Return the run of lines below that opens with the line containing "Vase ou récipient" and closes with the line containing "Le vase mesure 14 pouces de haut et 10 pouces", keeping each one exact.

- Data for review
%%
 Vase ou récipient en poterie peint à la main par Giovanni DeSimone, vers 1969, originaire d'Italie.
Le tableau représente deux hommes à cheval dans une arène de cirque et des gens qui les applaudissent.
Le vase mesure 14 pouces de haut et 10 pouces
%%
%%
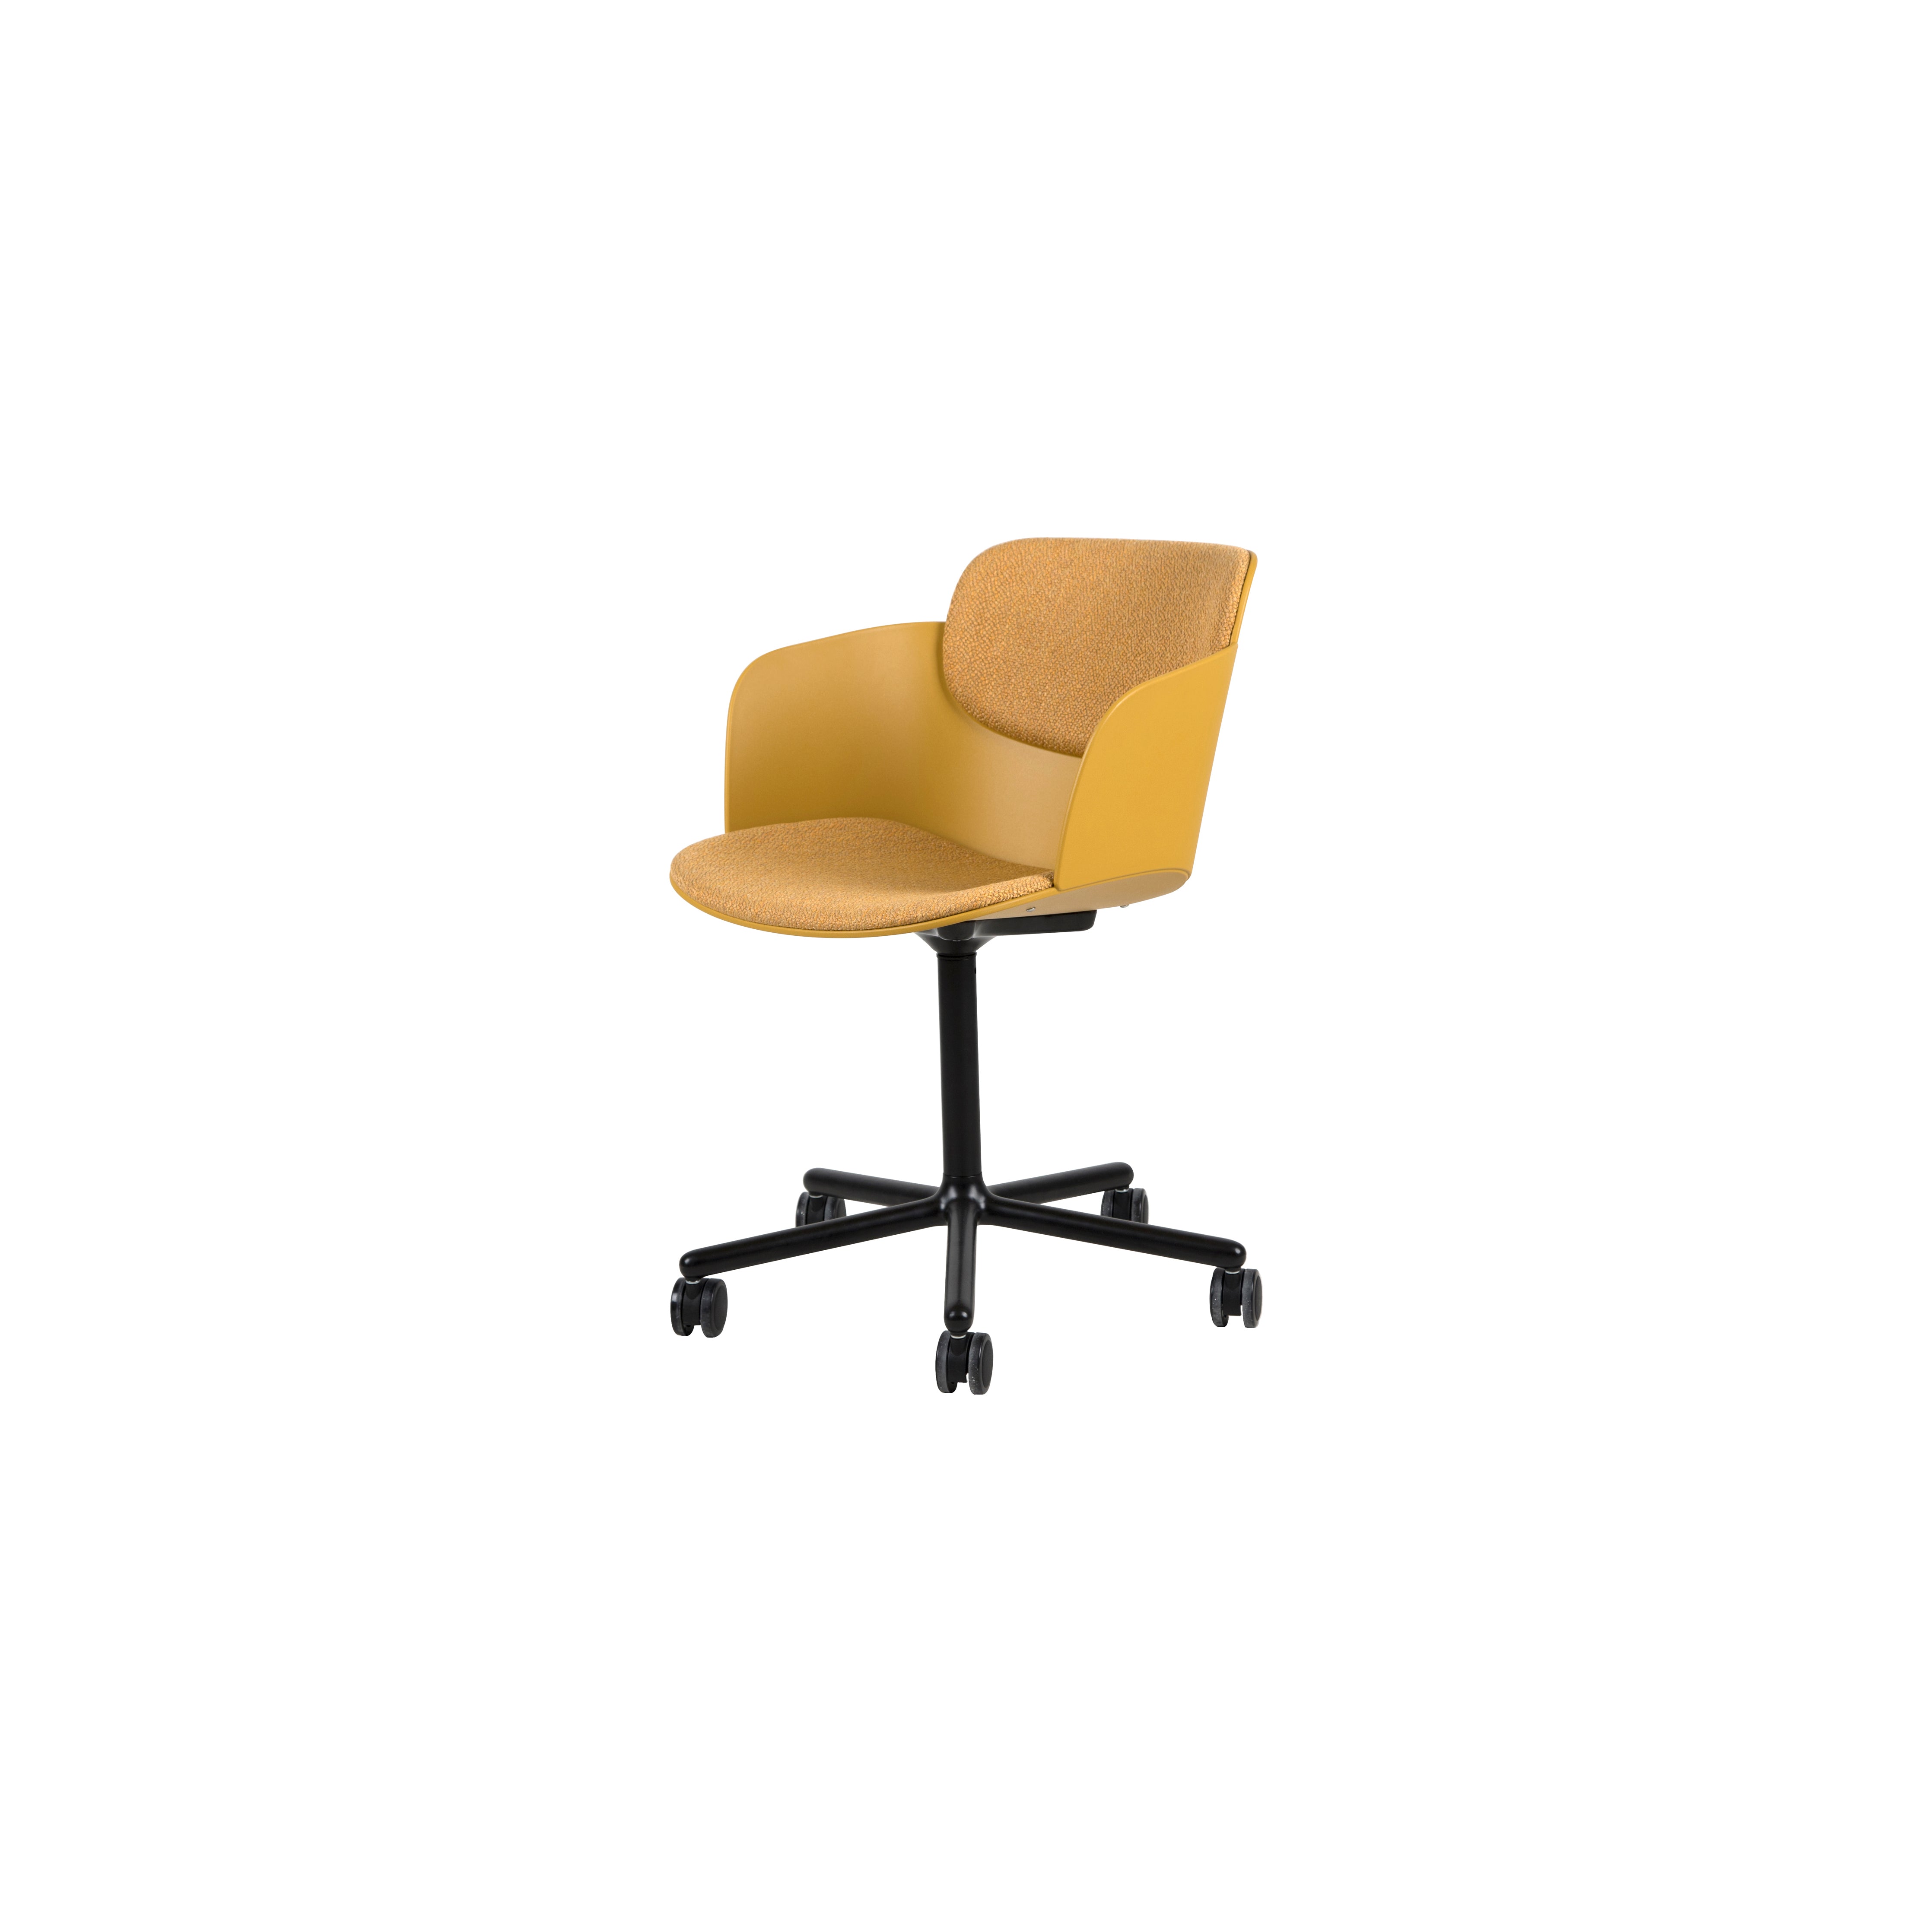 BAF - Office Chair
%%
%%
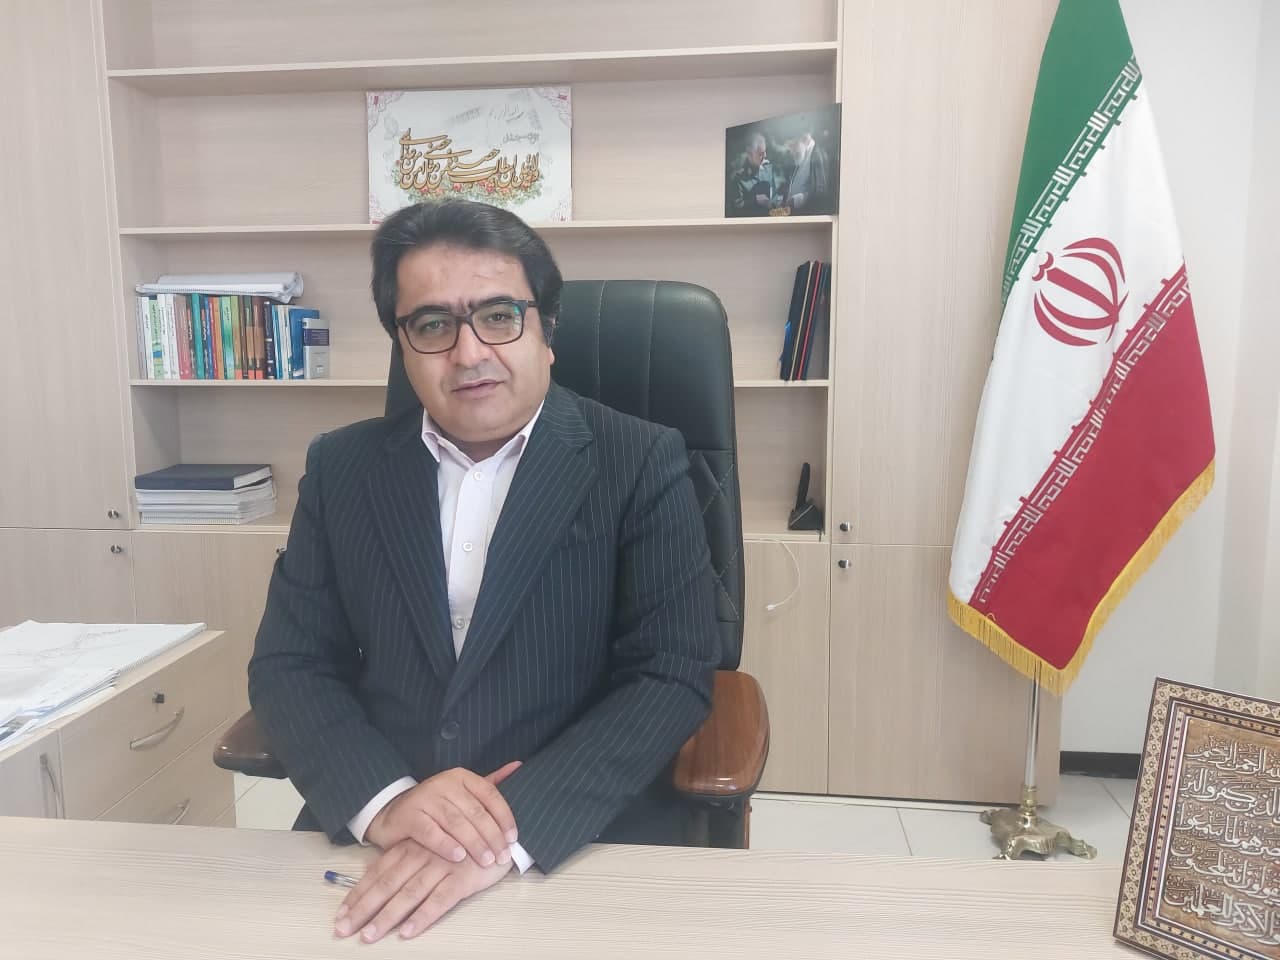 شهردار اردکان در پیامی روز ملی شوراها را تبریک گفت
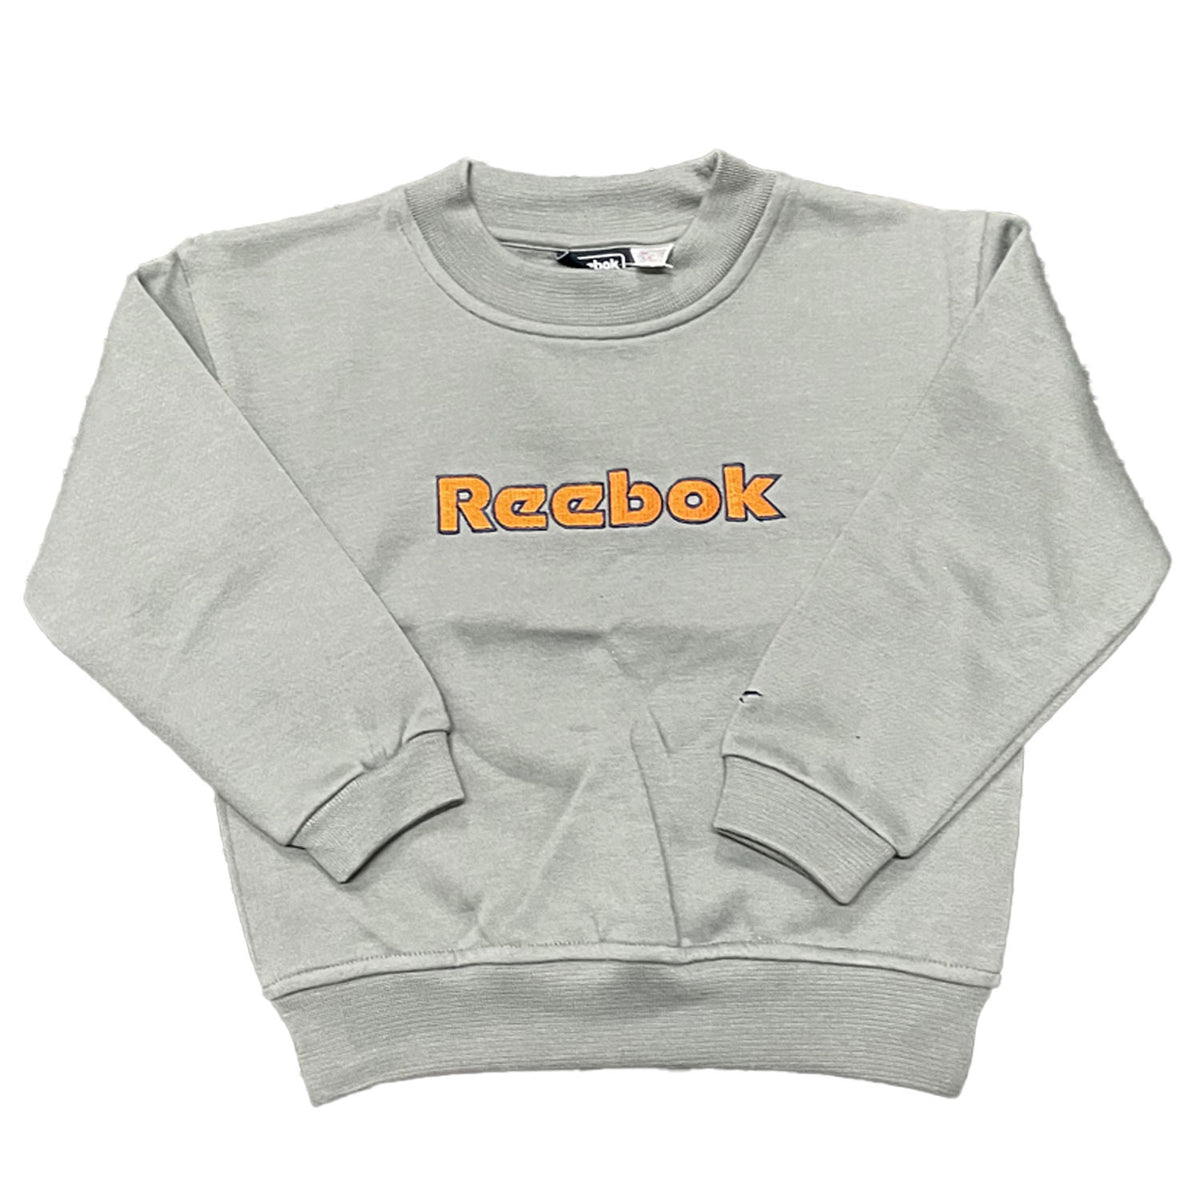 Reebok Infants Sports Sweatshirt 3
%%
- Written response
 Vase ou récipient en poterie peint à la main par Giovanni DeSimone, vers 1969, originaire d'Italie.
Le tableau représente deux hommes à cheval dans une arène de cirque et des gens qui les applaudissent.
Le vase mesure 14 pouces de haut et 10 pouces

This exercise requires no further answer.